◆ **Task description**
How do the records below read from their first line through the line containing "Food box delivery"? Write those lines out exactly.

◆ **Records shown**
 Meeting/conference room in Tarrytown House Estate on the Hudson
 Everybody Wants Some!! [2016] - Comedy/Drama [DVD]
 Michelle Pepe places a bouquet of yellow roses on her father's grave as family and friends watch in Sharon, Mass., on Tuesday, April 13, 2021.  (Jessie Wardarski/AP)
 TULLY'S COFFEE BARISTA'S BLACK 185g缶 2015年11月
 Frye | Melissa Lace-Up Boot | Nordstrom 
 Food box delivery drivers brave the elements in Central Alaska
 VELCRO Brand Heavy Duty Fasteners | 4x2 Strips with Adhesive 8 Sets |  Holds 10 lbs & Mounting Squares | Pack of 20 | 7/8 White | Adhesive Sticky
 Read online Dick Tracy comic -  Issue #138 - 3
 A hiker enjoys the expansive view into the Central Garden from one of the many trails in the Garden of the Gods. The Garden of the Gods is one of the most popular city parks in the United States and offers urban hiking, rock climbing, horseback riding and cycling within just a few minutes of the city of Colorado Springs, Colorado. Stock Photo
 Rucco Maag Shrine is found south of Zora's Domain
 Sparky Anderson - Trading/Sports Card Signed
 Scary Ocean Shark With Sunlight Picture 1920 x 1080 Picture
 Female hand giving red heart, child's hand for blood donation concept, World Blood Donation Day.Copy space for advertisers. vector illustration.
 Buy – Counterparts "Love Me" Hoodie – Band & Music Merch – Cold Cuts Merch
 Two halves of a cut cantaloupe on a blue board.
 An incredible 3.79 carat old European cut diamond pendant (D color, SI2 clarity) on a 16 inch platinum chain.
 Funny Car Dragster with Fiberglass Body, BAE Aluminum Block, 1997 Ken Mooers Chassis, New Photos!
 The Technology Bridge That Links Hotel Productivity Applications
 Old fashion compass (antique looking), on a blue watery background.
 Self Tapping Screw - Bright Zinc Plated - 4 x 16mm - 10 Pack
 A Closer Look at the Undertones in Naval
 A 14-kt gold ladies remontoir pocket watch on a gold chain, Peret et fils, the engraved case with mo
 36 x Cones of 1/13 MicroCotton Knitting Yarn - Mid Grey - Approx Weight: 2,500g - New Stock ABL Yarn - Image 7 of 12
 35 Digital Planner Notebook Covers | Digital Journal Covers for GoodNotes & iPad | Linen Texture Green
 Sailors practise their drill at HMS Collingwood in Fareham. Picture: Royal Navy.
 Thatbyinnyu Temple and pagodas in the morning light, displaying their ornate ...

◆ **Written answer**
 Meeting/conference room in Tarrytown House Estate on the Hudson
 Everybody Wants Some!! [2016] - Comedy/Drama [DVD]
 Michelle Pepe places a bouquet of yellow roses on her father's grave as family and friends watch in Sharon, Mass., on Tuesday, April 13, 2021.  (Jessie Wardarski/AP)
 TULLY'S COFFEE BARISTA'S BLACK 185g缶 2015年11月
 Frye | Melissa Lace-Up Boot | Nordstrom 
 Food box delivery drivers brave the elements in Central Alaska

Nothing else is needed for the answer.